§ **Information provided**

[Start of Attachment]

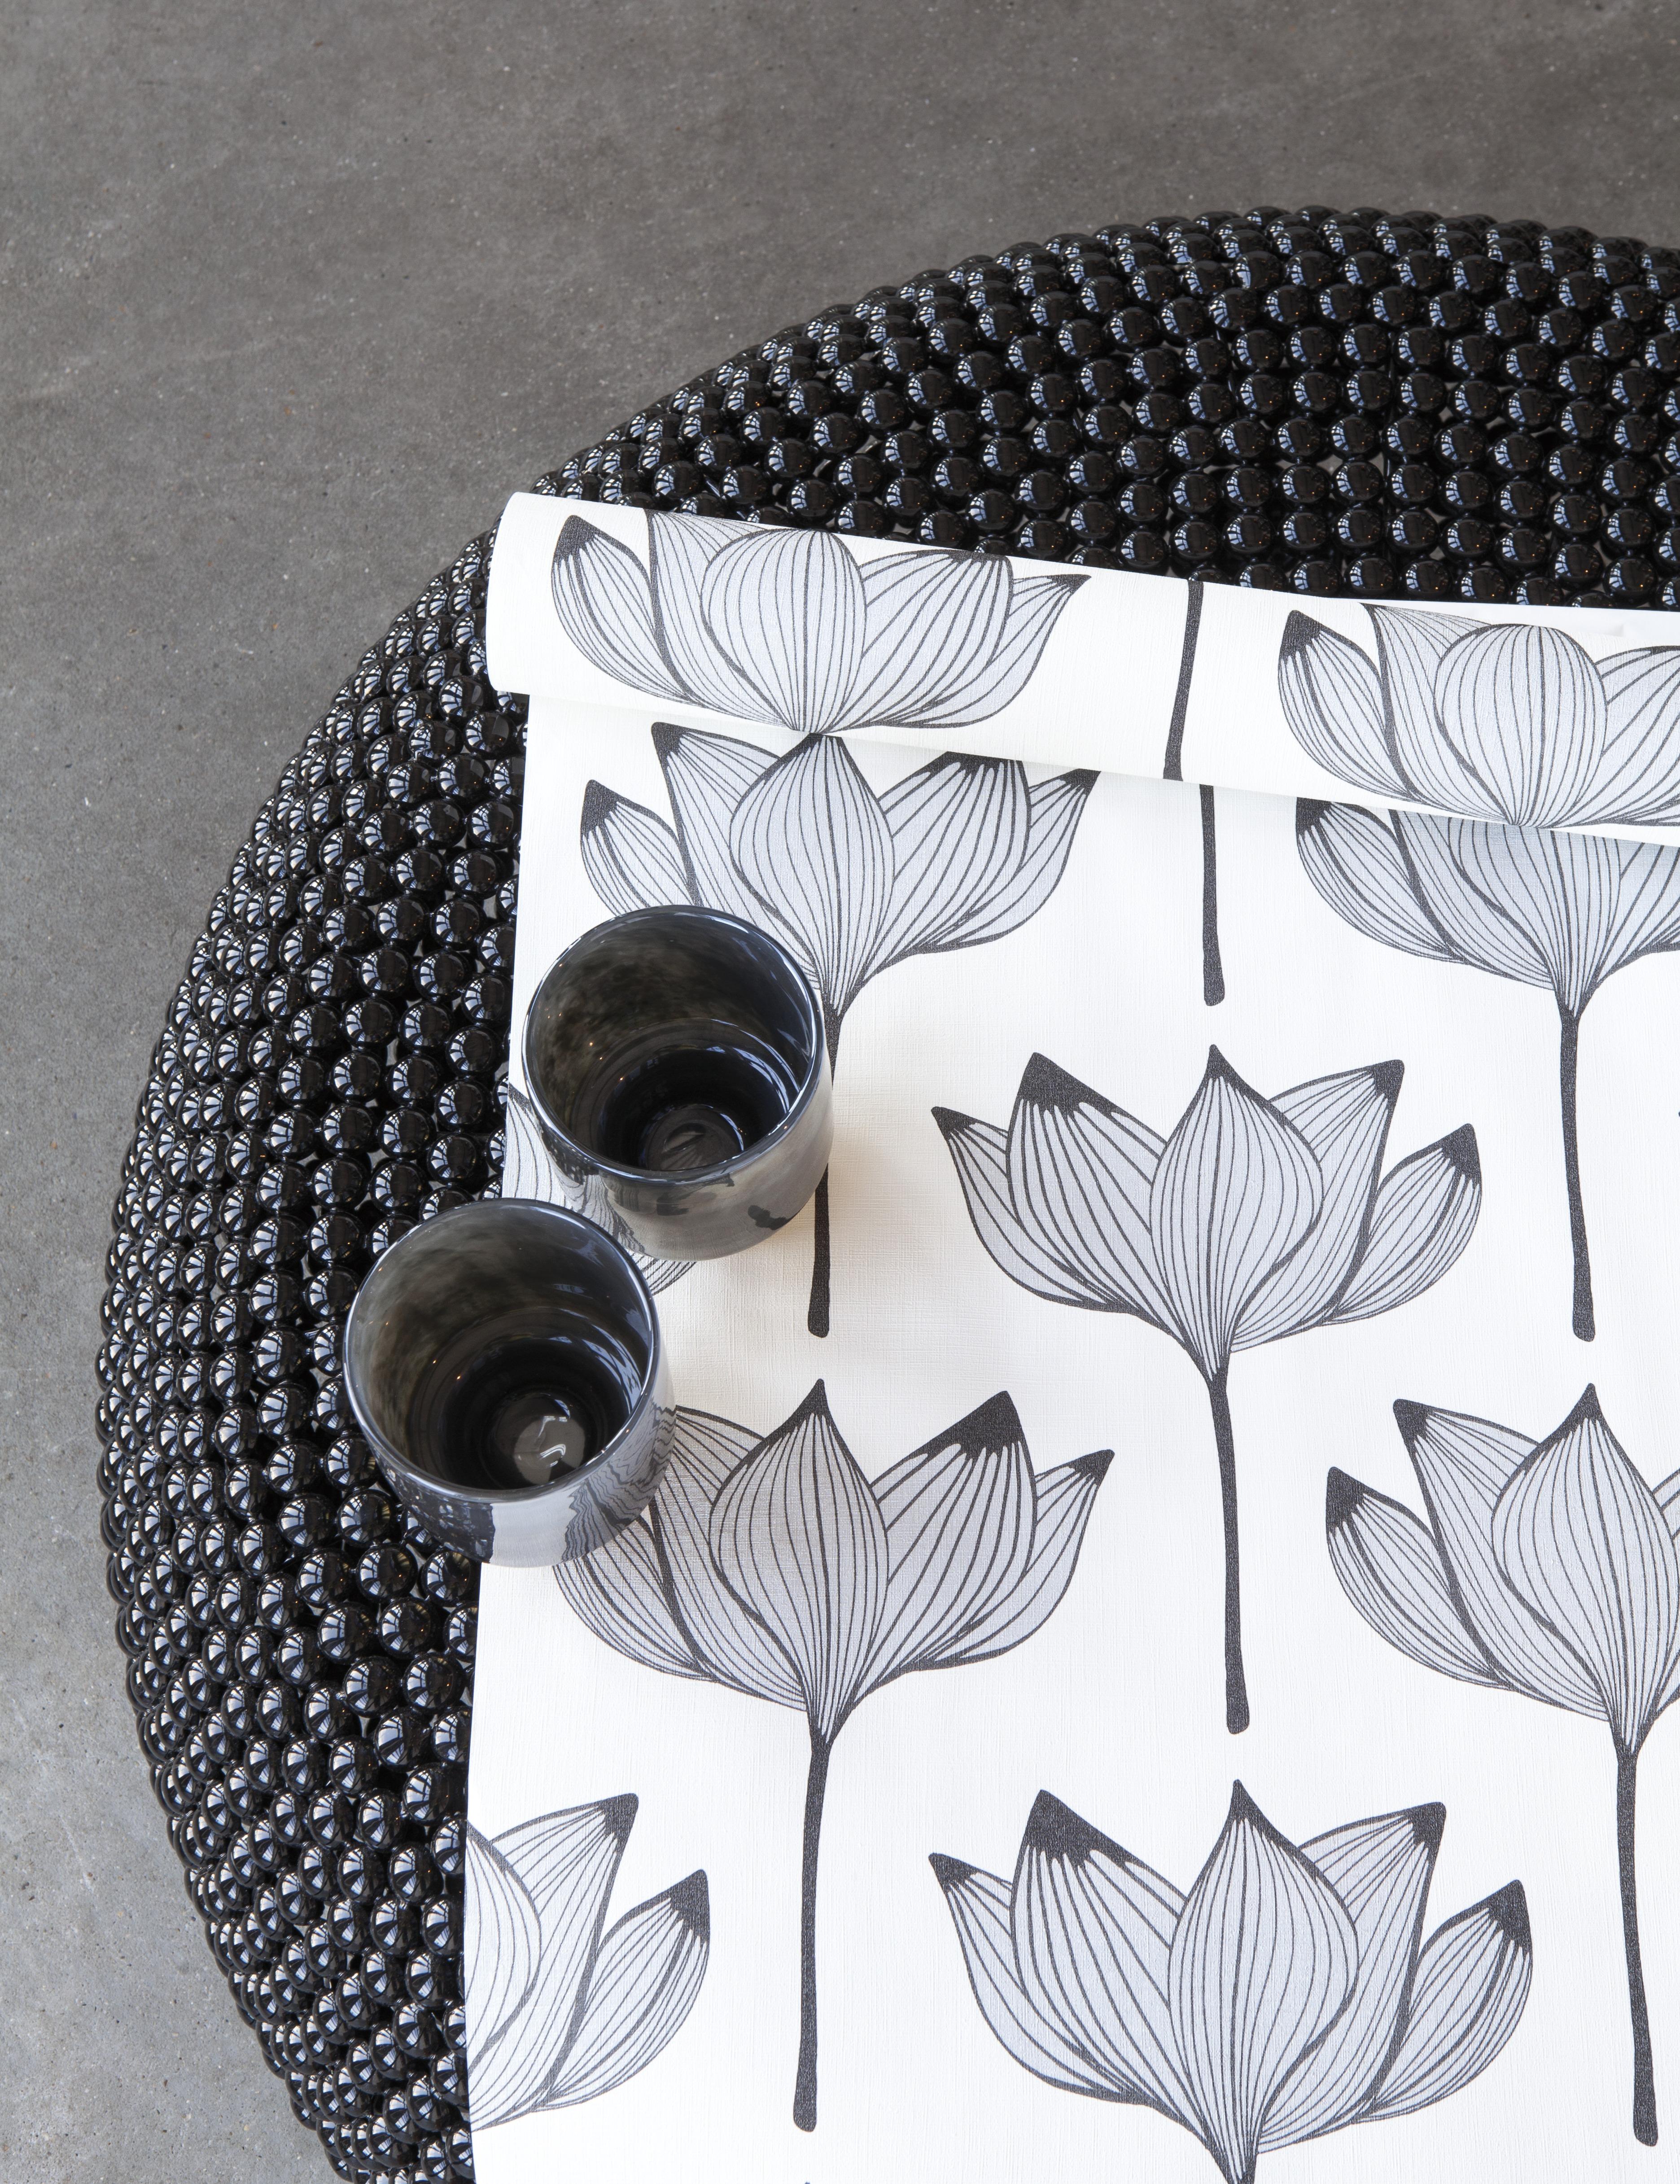 Virágmintás tapéta minimalista skandináv stílusban
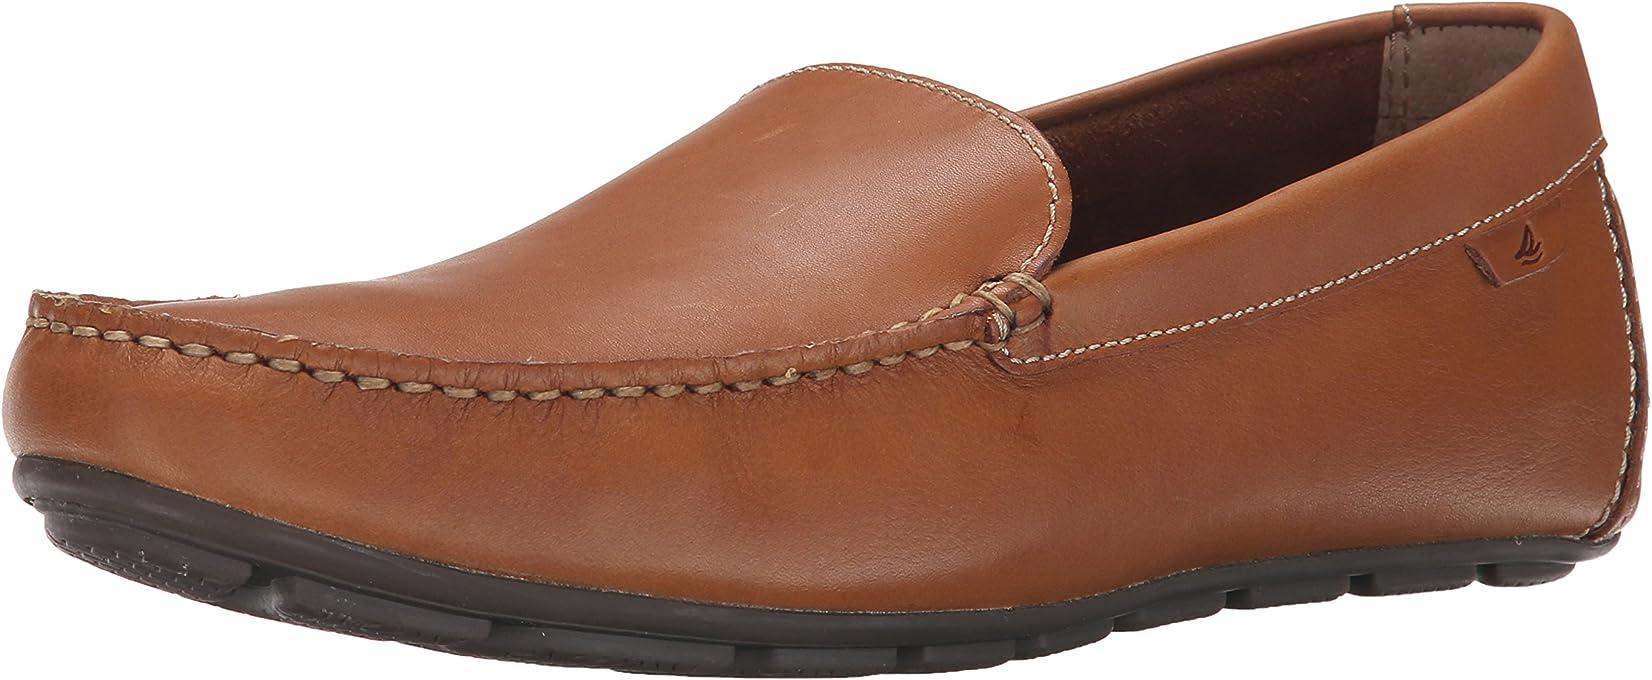 Sperry Wave Driver Venetian Men's Loafer Flats
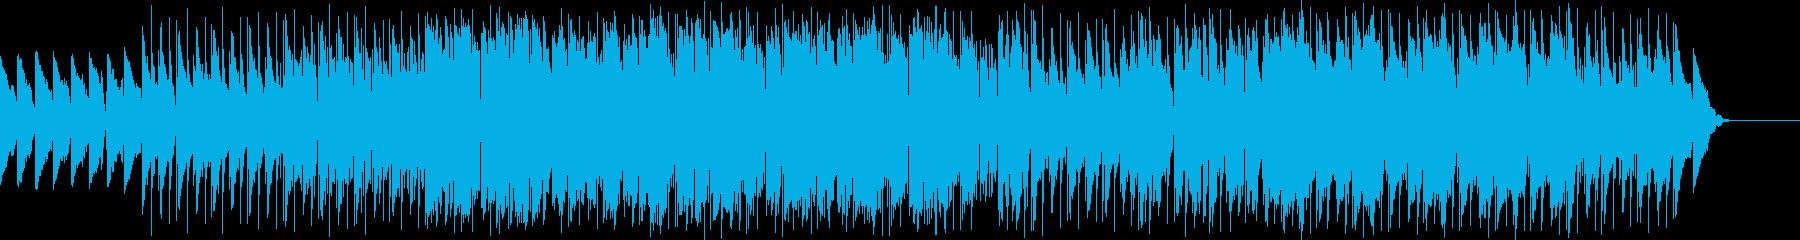 R&Bっぽいギターのトラックの再生済みの波形
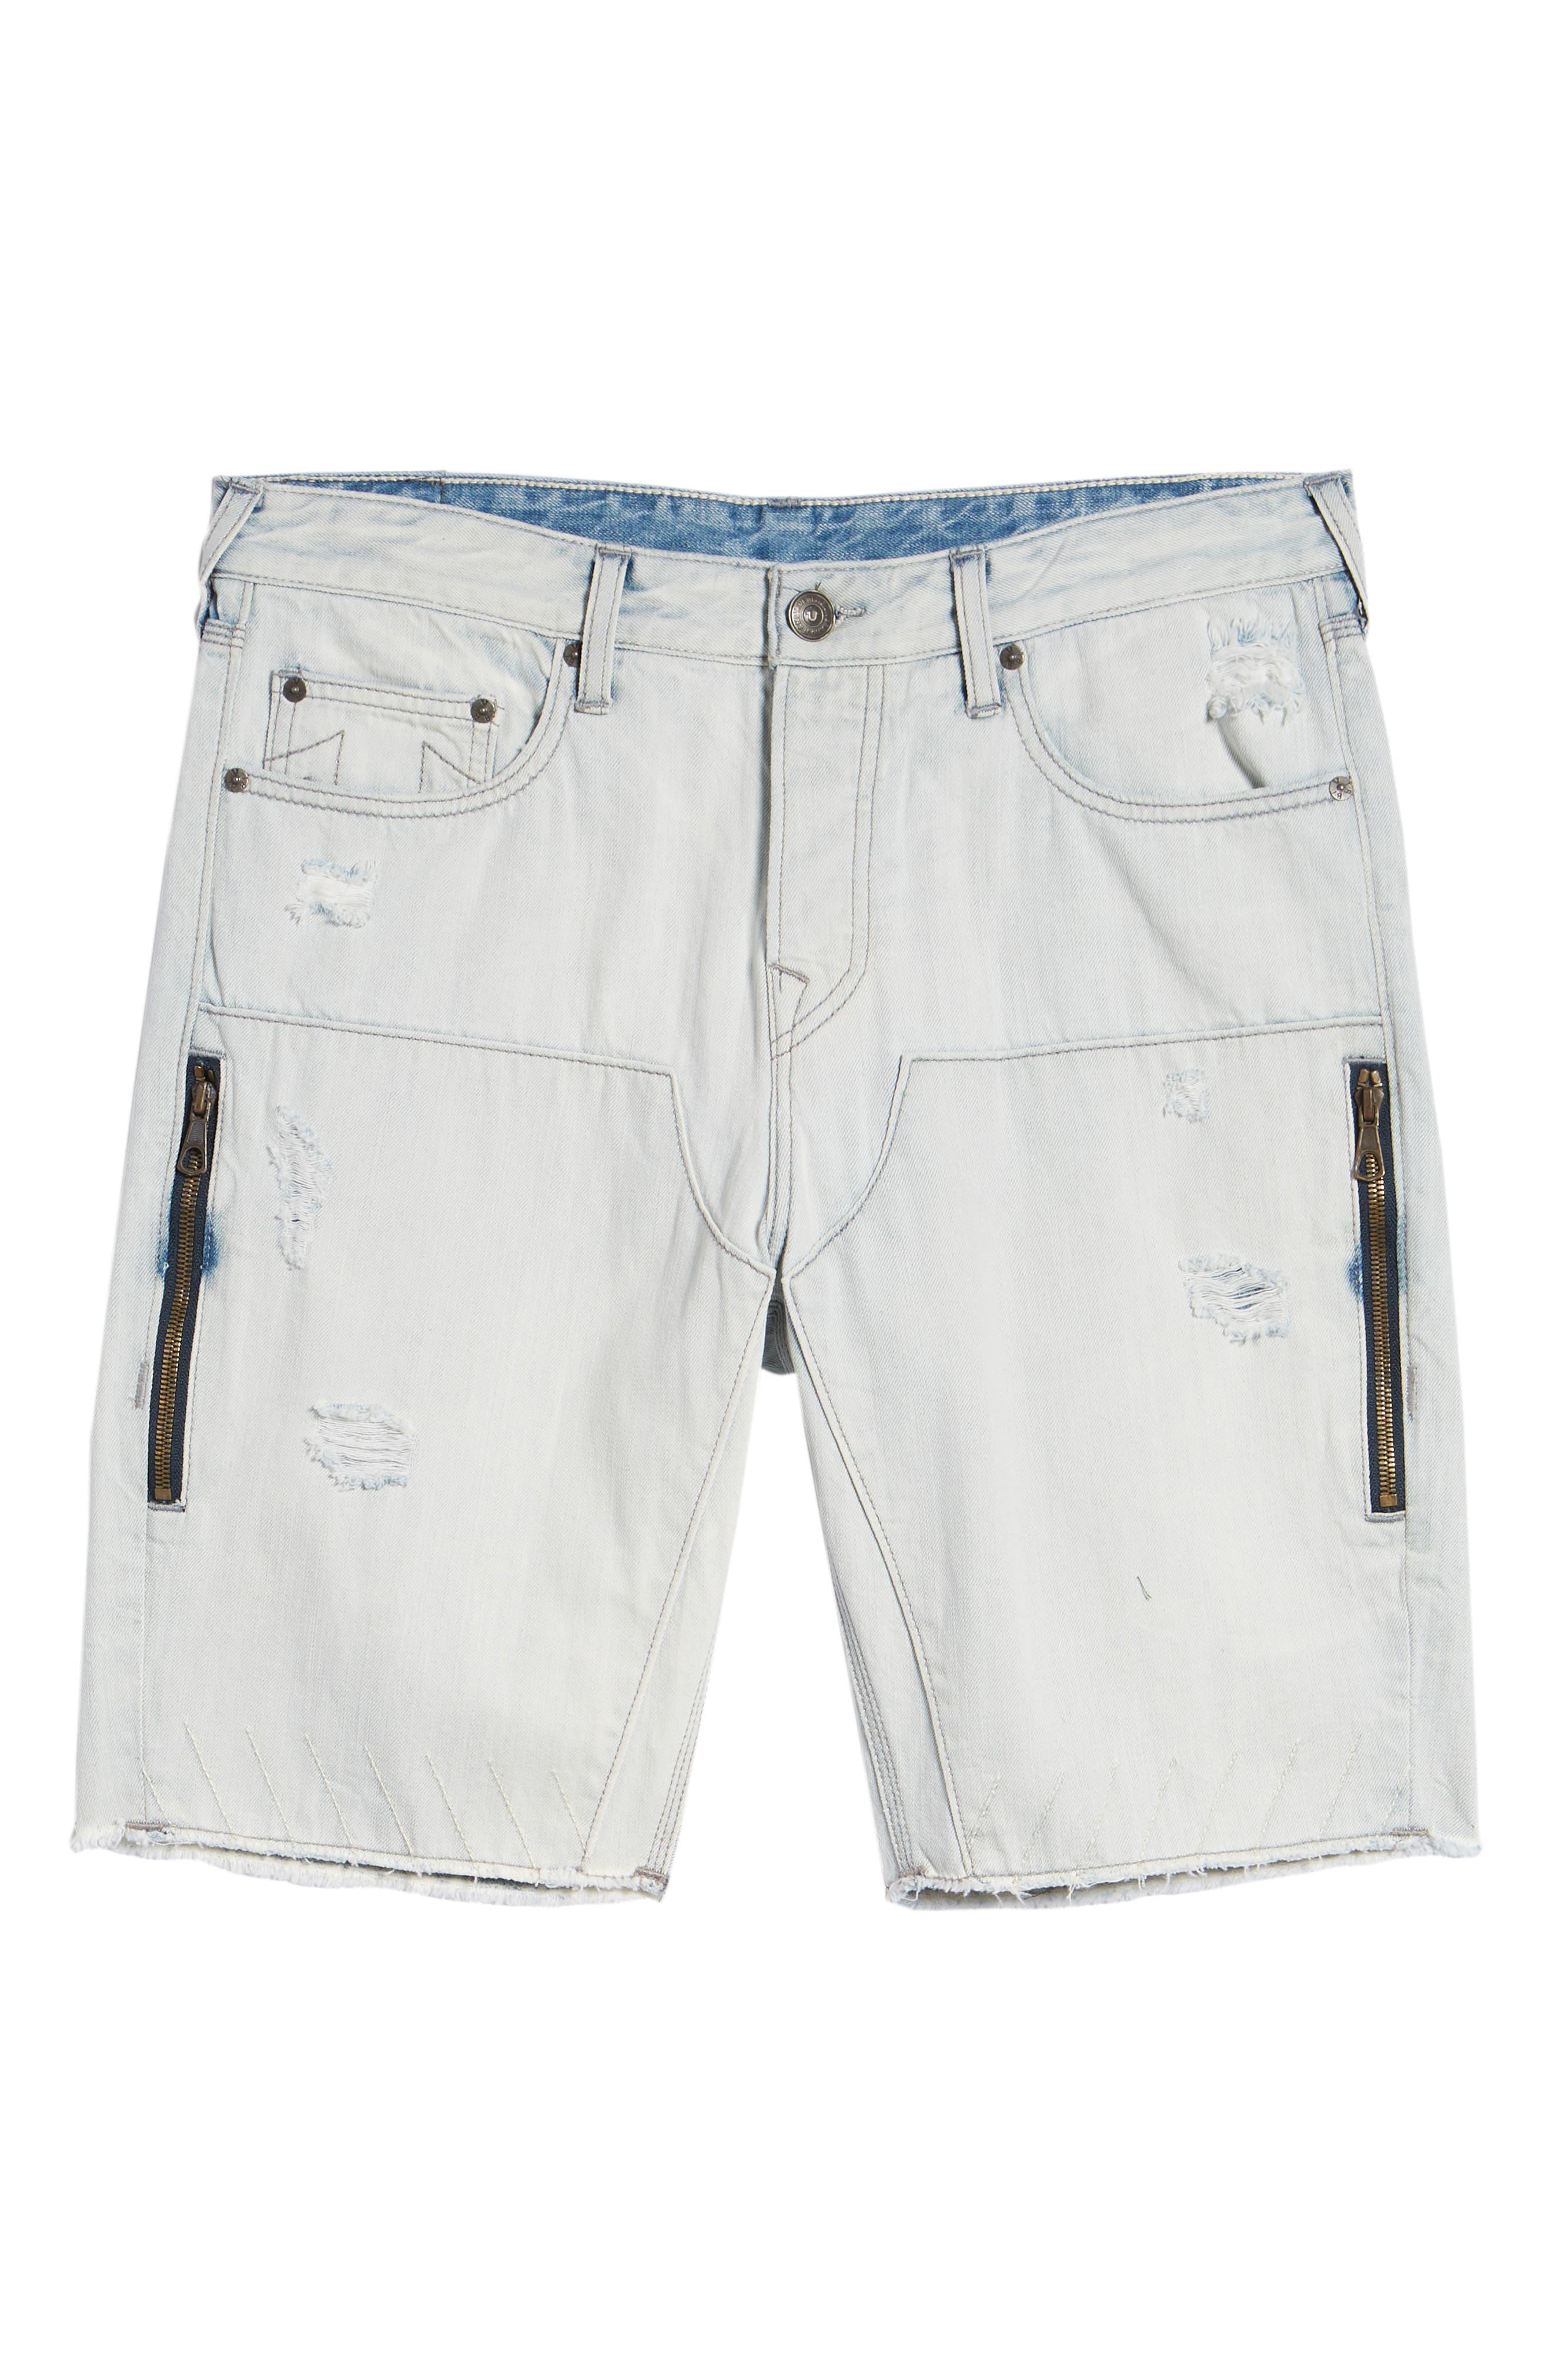 Field Shorts,                             Alternate thumbnail 6, color,                             Upstate

[End of Attachment]

§ **Exercise requirements**
Quote each line of the listing exactly, but leave the pictures out.

§ **Answer space**
 Virágmintás tapéta minimalista skandináv stílusban
 Sperry Wave Driver Venetian Men's Loafer Flats
 R&Bっぽいギターのトラックの再生済みの波形
 Field Shorts,                             Alternate thumbnail 6, color,                             Upstate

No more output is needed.